Alcohol: because it can hurt. How much can I take


Alcohol: because it can hurt. How much can I take

  1. What is meant by alcoholic beverages
  2. How the alcoholic quantity is measured
  3. How much alcohol can I drink
  4. Pay attention to the times of the day
  5. Who shouldn’t drink alcohol
  6. Teenagers and alcohol
  7. False beliefs about alcohol

Alcohol abuse is condemned by the medical profession and food science, but despite this millions of people tend to abuse it. In particular, it seems that the various recommendations have no effect on Italian adolescents who increasingly use them. The reason for the condemnation of alcohol abuse is obvious as it can cause serious damage to health from both a physical and psychological point of view.

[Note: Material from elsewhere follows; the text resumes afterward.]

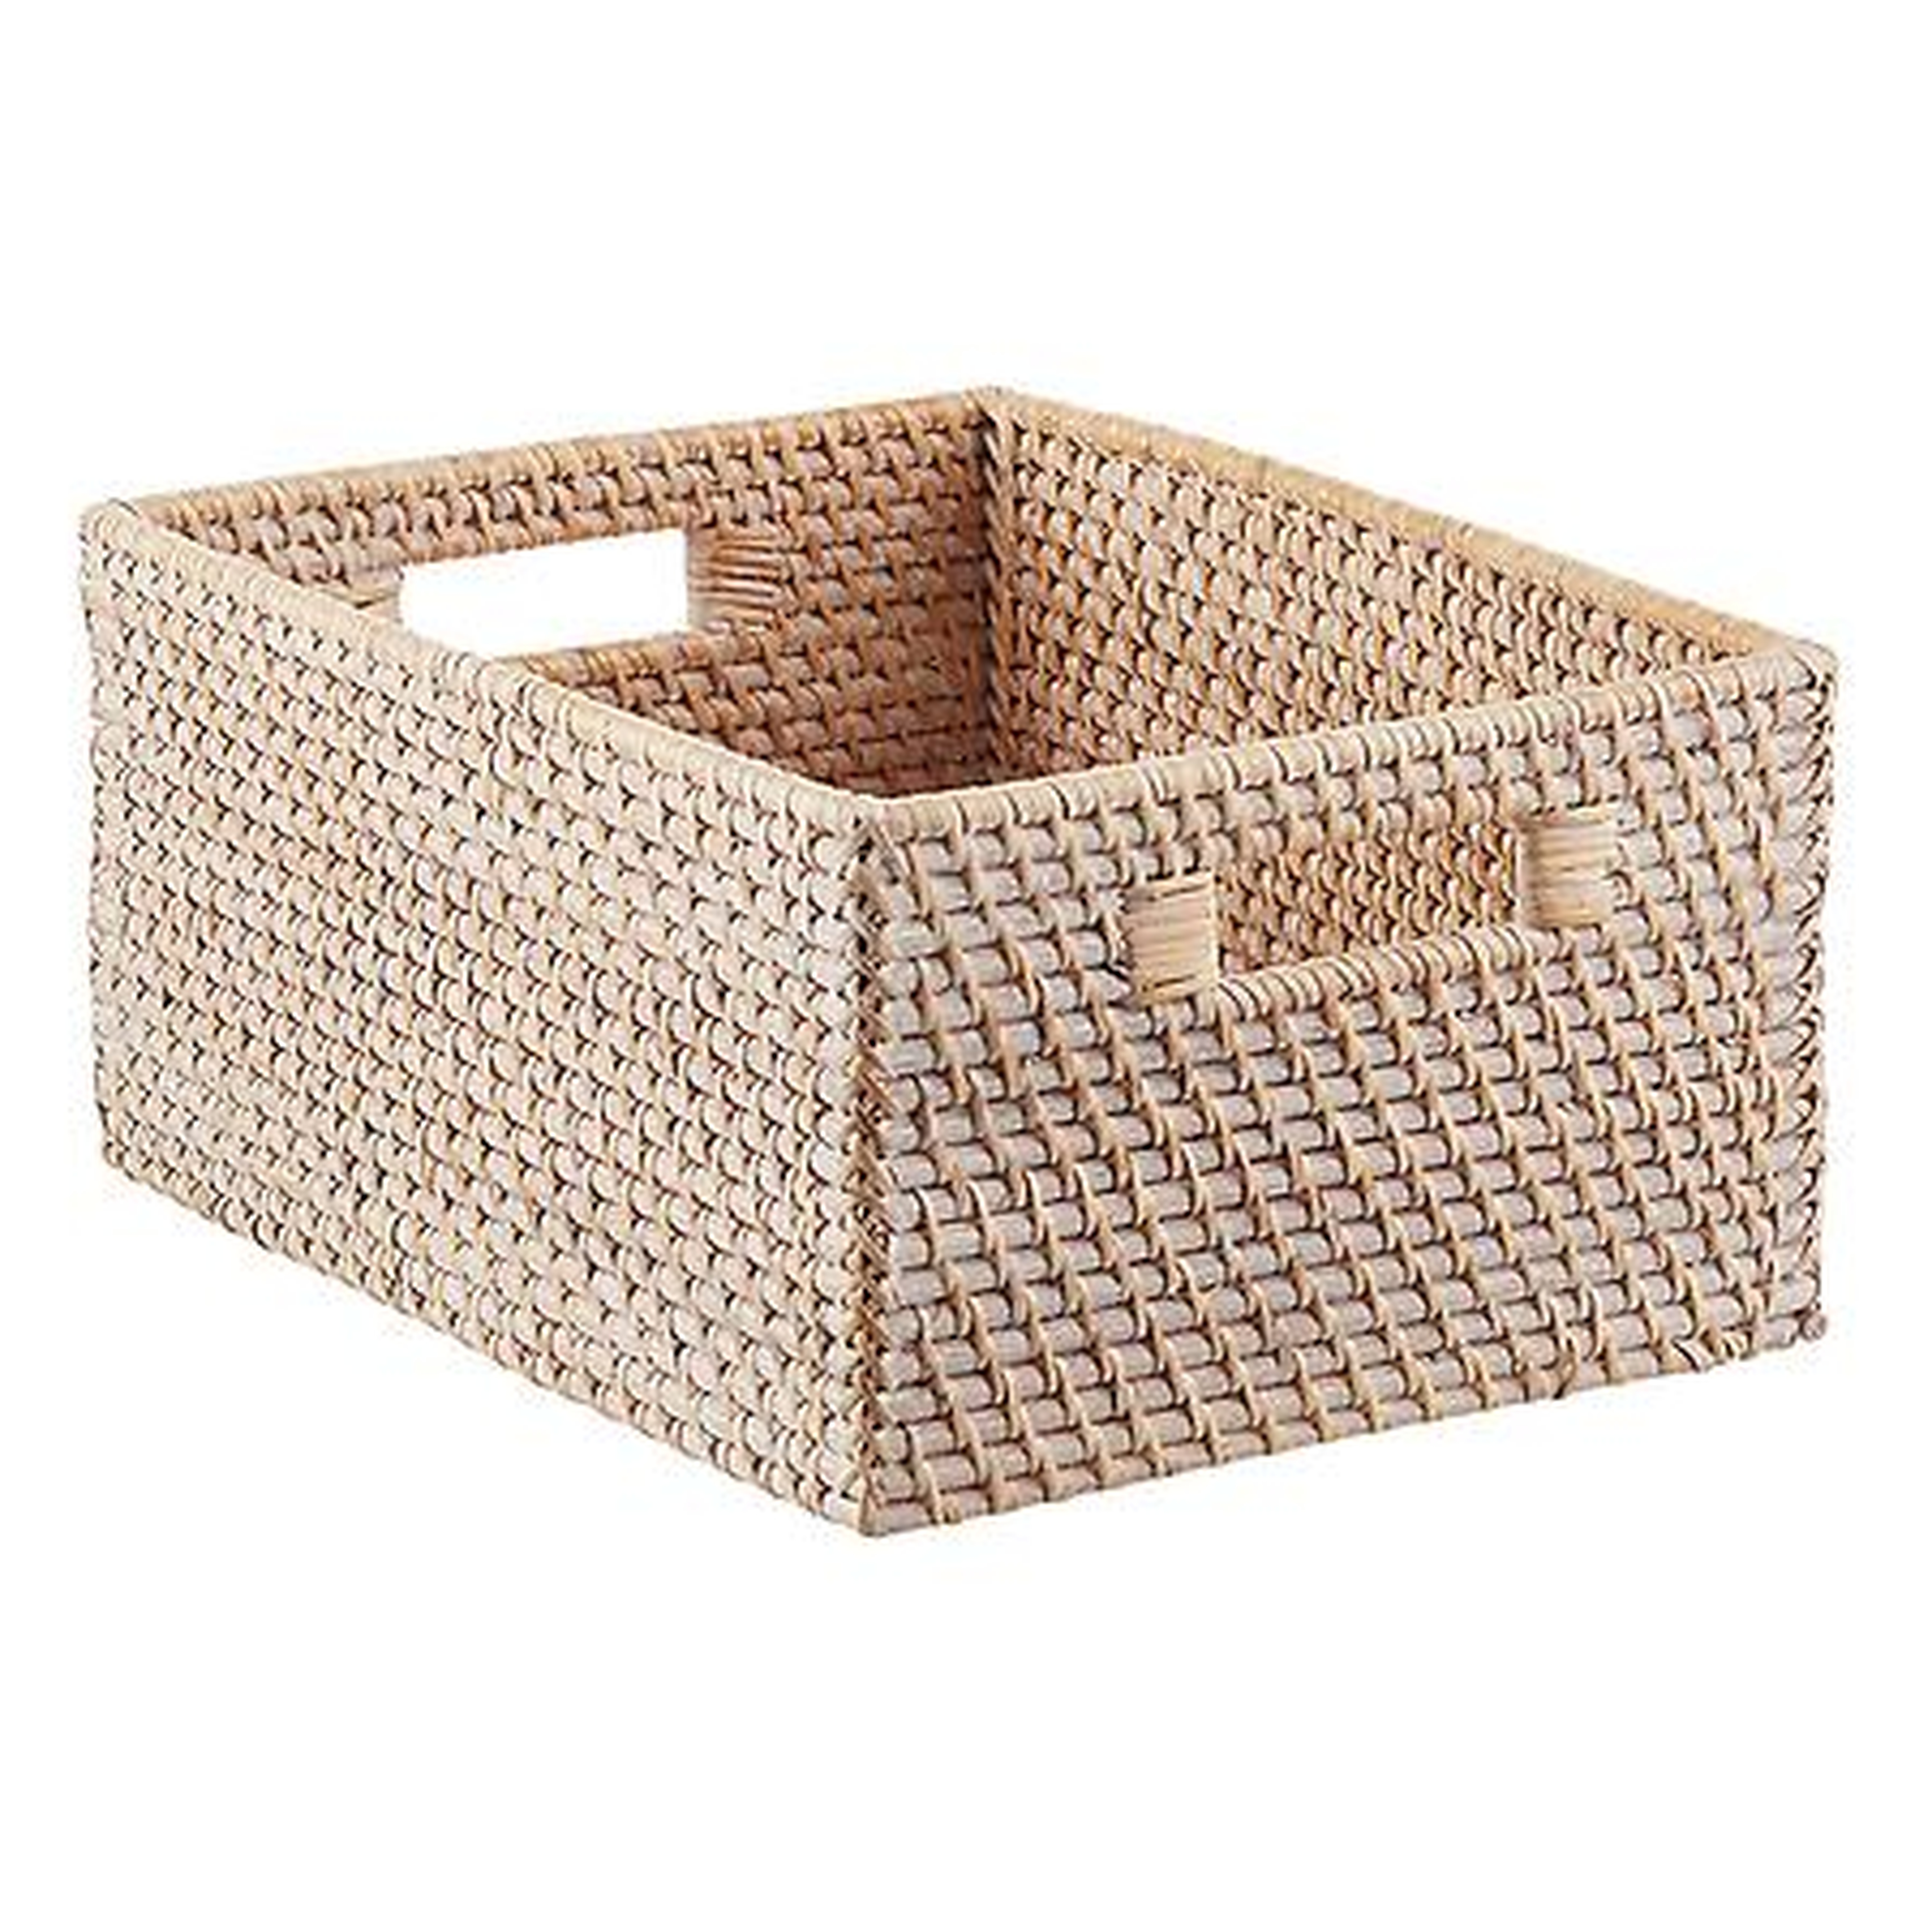 Whitewashed Rattan Bin - containerstore.com

However, moderate consumption of wine or beer in adults can have favorable effects as both of these drinks contain good amounts of polyphenols which have a protective effect against chronic degenerative diseases, as long as the recommended doses are respected.

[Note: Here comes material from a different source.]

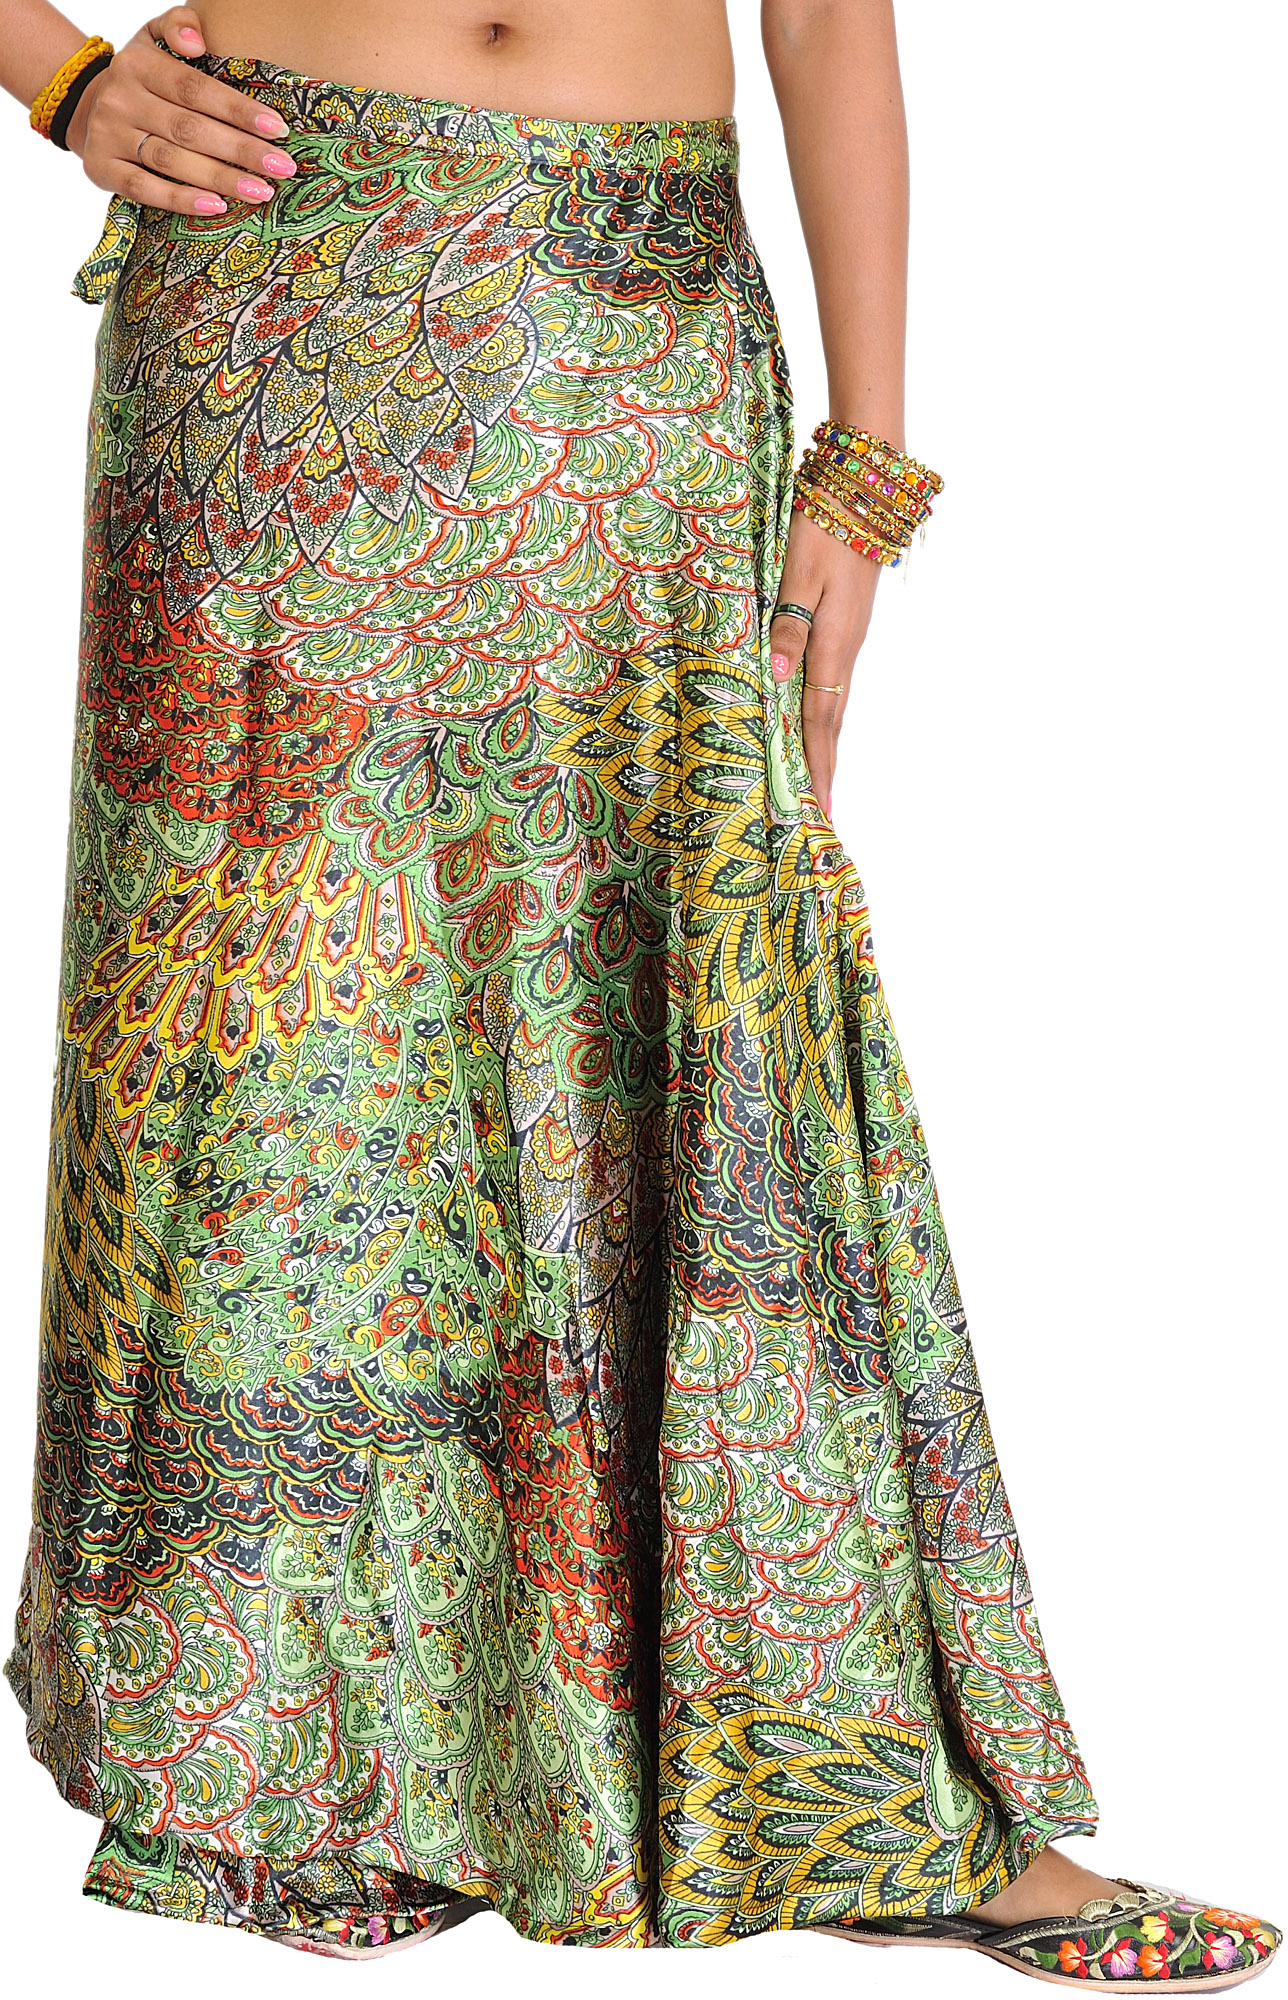 Wrap-Around Long Skirt with Printed Flowers | Exotic India Art

What is meant by alcoholic beverages

Alcoholic beverages consist for the most part of water and the remainder of ethyl alcohol (ethanol); a small amount is made up of other substances: aromas, dyes, antioxidants, etc. Ethanol is a substance that is not essential for the body, indeed for many reasons it is toxic. However, our body is able to withstand the intake of alcohol up to a certain dose which corresponds to moderate consumption.

How the alcoholic quantity is measured

How the alcoholic quantity is measured

The maximum recommended daily doses are 2-3 Alcoholic Units for men, 1-2 Alcoholic Units for women, 1 Alcoholic Unit for the elderly. One Alcoholic Unit (U.A.) corresponds to about 12 grams of alcohol; this quantity is contained in a small glass (125 ml) of medium strength wine, or in a can of beer (330 ml) of medium strength or in a bar dose (40 ml) of medium strength spirits.

How much alcohol can I drink

The amount that an individual can take, while remaining within the limits of safety for his health, depends on the concentration of alcohol in the blood which in turn is determined by many factors:

  • the amount ingested
  • by gender and weight of the person
  • the amount of body water
  • from the individual ability to metabolize alcohol
  • from alcohol habit.

Some people hold it well (they don’t get drunk easily) but this does not mean that excess alcohol does not hurt them too, on the contrary, since they hold it well they are prone to drink more and get hurt more, also running the risk. to become an alcoholic.

Women, having a lower weight, lower amounts of body water and lower efficiency of alcohol metabolization mechanisms, are more vulnerable to the effects of alcohol, so it is recommended to take smaller doses than men.

In addition, it must be remembered that alcohol (ethanol) provides 7 calories per gram, which are added to those introduced with food.

It is therefore advisable to avoid spirits, which only provide ’empty’ calories with no health benefits, especially for those who tend to be overweight or already have a large waistline. It is a good rule to limit alcohol to only occasional consumption and in any case ‘compensate’ for excess calories with physical activity.

Let’s keep in mind that a 50-kilo woman running at a speed of about 8 km per hour consumes about 400 Kcal, the caloric amount contained in 4 glasses of 125 ml wine. A 75 kg man running with the same intensity will dispose of them in 30 minutes.

We therefore remember that, if we have already eaten the calories necessary for our energy expenditure, to dispose of a small glass of wine or a beer it takes some and it is not enough to take a walk as is often believed.